Juan Carlos escuchaba a Felipe, Fraga, Armada, Milans… en su papel de “árbitro” de España, para intermediar entre ellos y el presidente. Y acabó con un impulso que le dieron desde el exterior (como en prácticamente todas sus decisiones políticas importantes), que inclinó la balanza a favor de los primeros. Juntos comenzaron a elucubrar posibles soluciones al problema, a hacer planes que acabaron cristalizando el 23 de febrero de 1981. Suárez solía decir en privado: “El rey a mí no me borbonea“. Y prefirió presentar él mismo la dimisión cuando lo creyó oportuno, para que Juan Carlos no tuviera la oportunidad de utilizarlo cuando más le conviniera. Pero todo esto no se podría entender fuera del contexto de la preparación del golpe del 23-F. Sólo hace falta decir, por el momento, que su salida de la Moncloa fue dura, aparte de los 200 millones de pesetas que le dio el Estado, a propuesta del mismo Juan Carlos, para paliar su delicada situación económica.

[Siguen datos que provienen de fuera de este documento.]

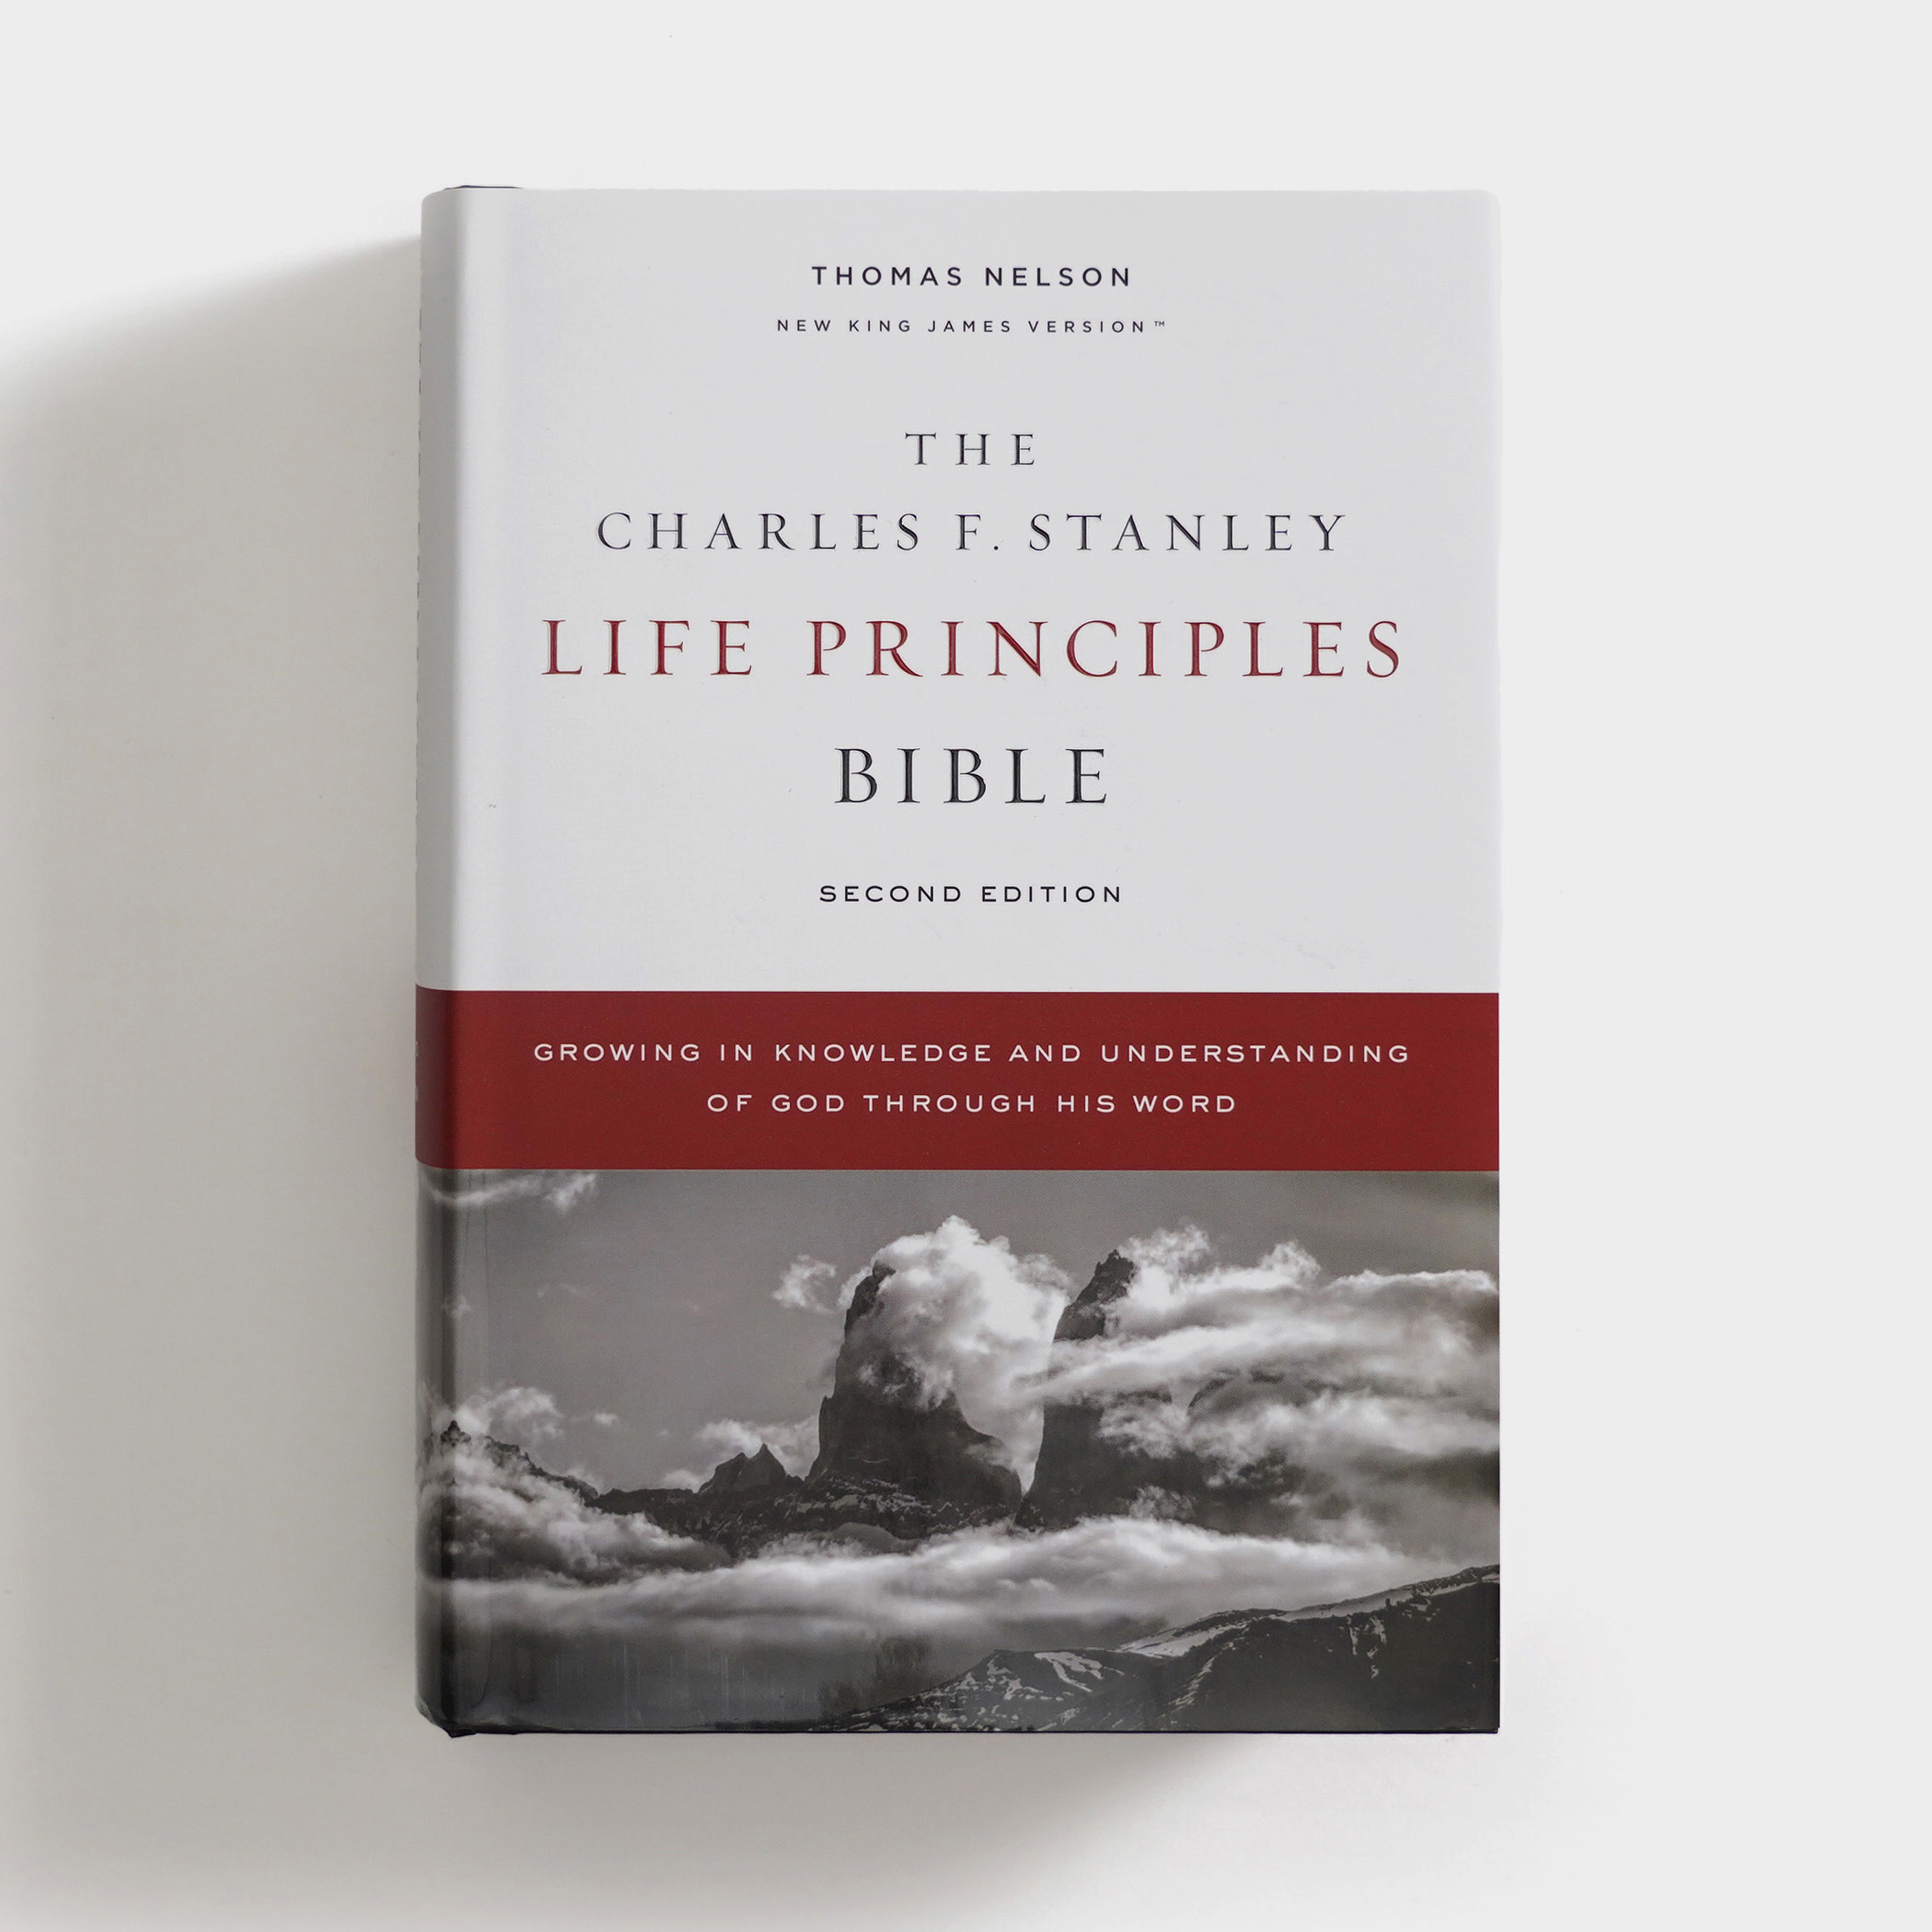 The Charles F. Stanley Life Principles Bible 2nd Edition, NKJV - Hardcover
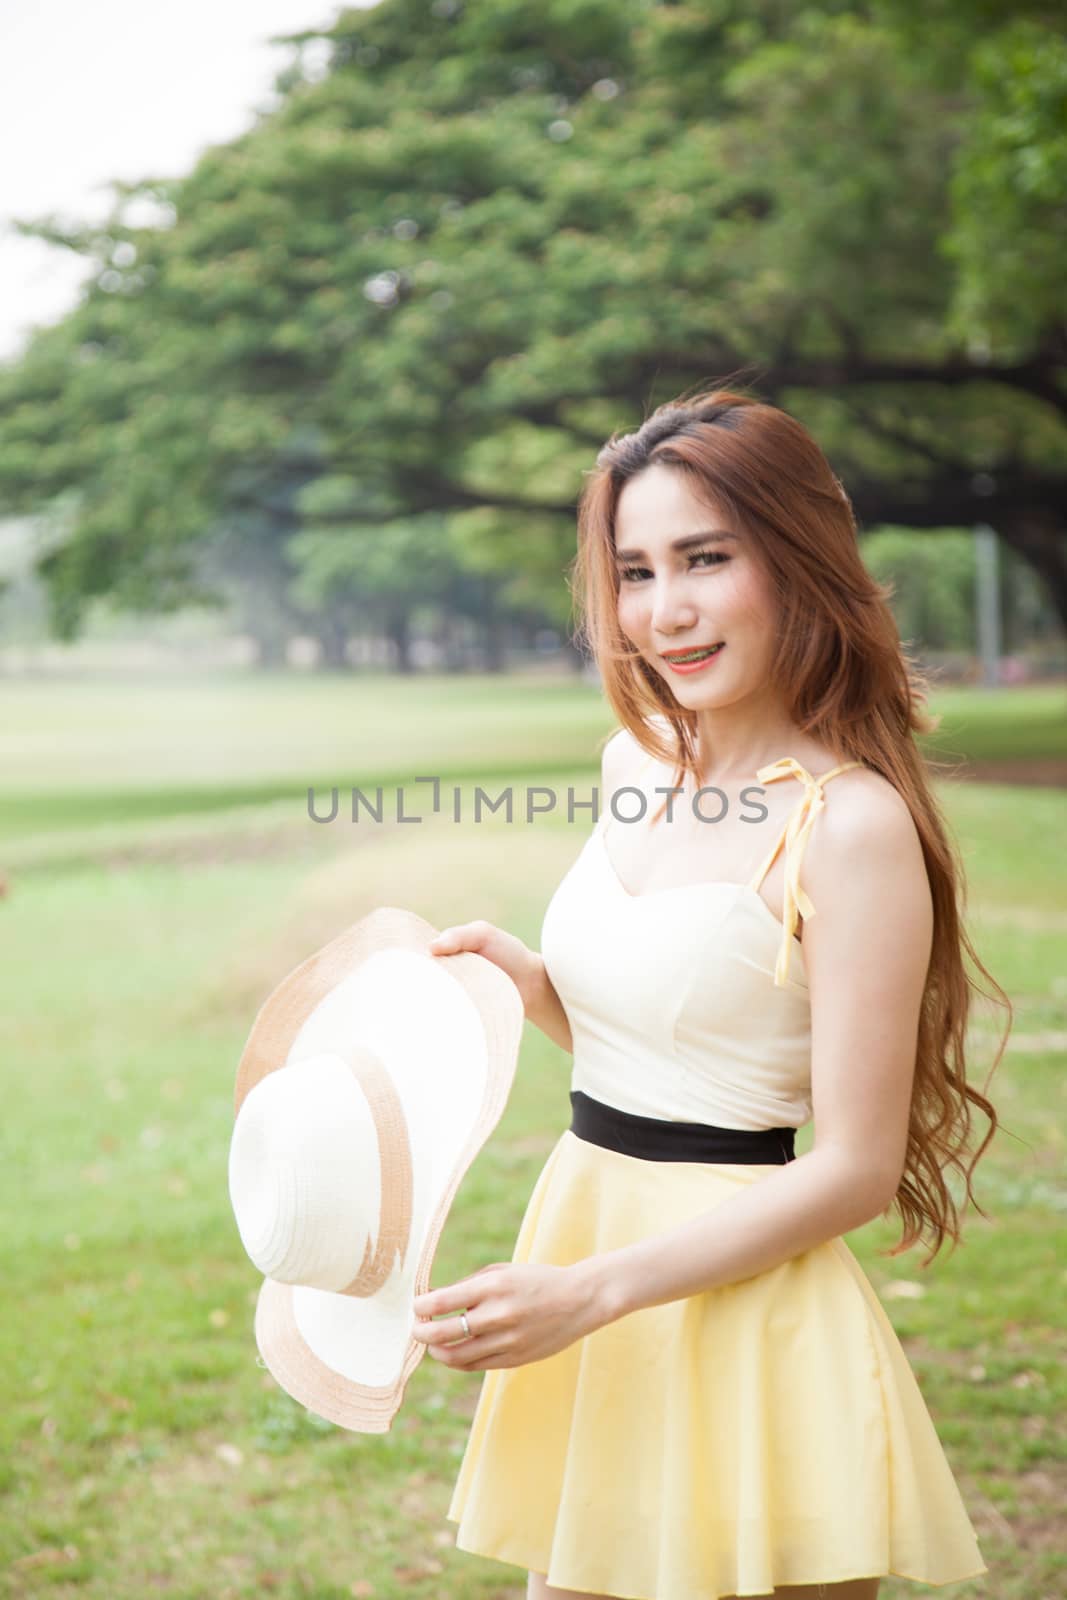 Woman holding a hat. Located at the lawn in the park.

Cuando Suárez presentó su dimisión, en algún momento de la conversación que mantuvieron, de la cual se desconocen bastantes detalles, el rey le prometió además un ducado. Después, lo consideró excesivo y quiso volverse atrás, pero Suárez insistió y evitó que pudiera retirar la oferta. A diferencia de otros (como Arias Navarro o, posteriormente, Sabino Fernández Campo), lo utilizó profusamente, e incluso se hizo bordar en las camisas una corona ducal. Suárez también quería el Toisón, que pensaba que se merecía por lo menos tanto como Torcuato Fernández Miranda, pero no se lo dieron. Quizás para humillarlo, Juan Carlos le otorgó, en cambio, el penoso José María Pemán (el 20 de mayo de 1981), por los servicios prestados y la lealtad a la institución monárquica. Suárez desapareció del mapa político, pese a los vanos intentos por volver a la cumbre con un partido nuevo, el Centro Democrático y Social (CDS), que hoy en día lidera otro fracasado con respecto a las relaciones con el monarca, Mario Conde. Pero Suárez, desde 1981 hasta ahora, ha seguido cumpliendo un papel de mediador, de hombre con influencia en las altas esferas, gracias al poder que dan años de secretos compartidos. Cuando se fue, el rey le escribió una carta de despedida: “Para Adolfo, Amparo y sus hijos, y para la Historia…“, en la que se justificaba por el hecho de haberlo abandonado. Unos años más tarde, cuando Suárez negociaba con una editorial la publicación de sus memorias, el rey le telefoneó: “¡A ver lo que vas a escribir!” No se volvió a hablar de las memorias nunca más. Al parecer, Suárez tiene todos sus documentos microfilmados y depositados en la caja fuerte de un banco suizo.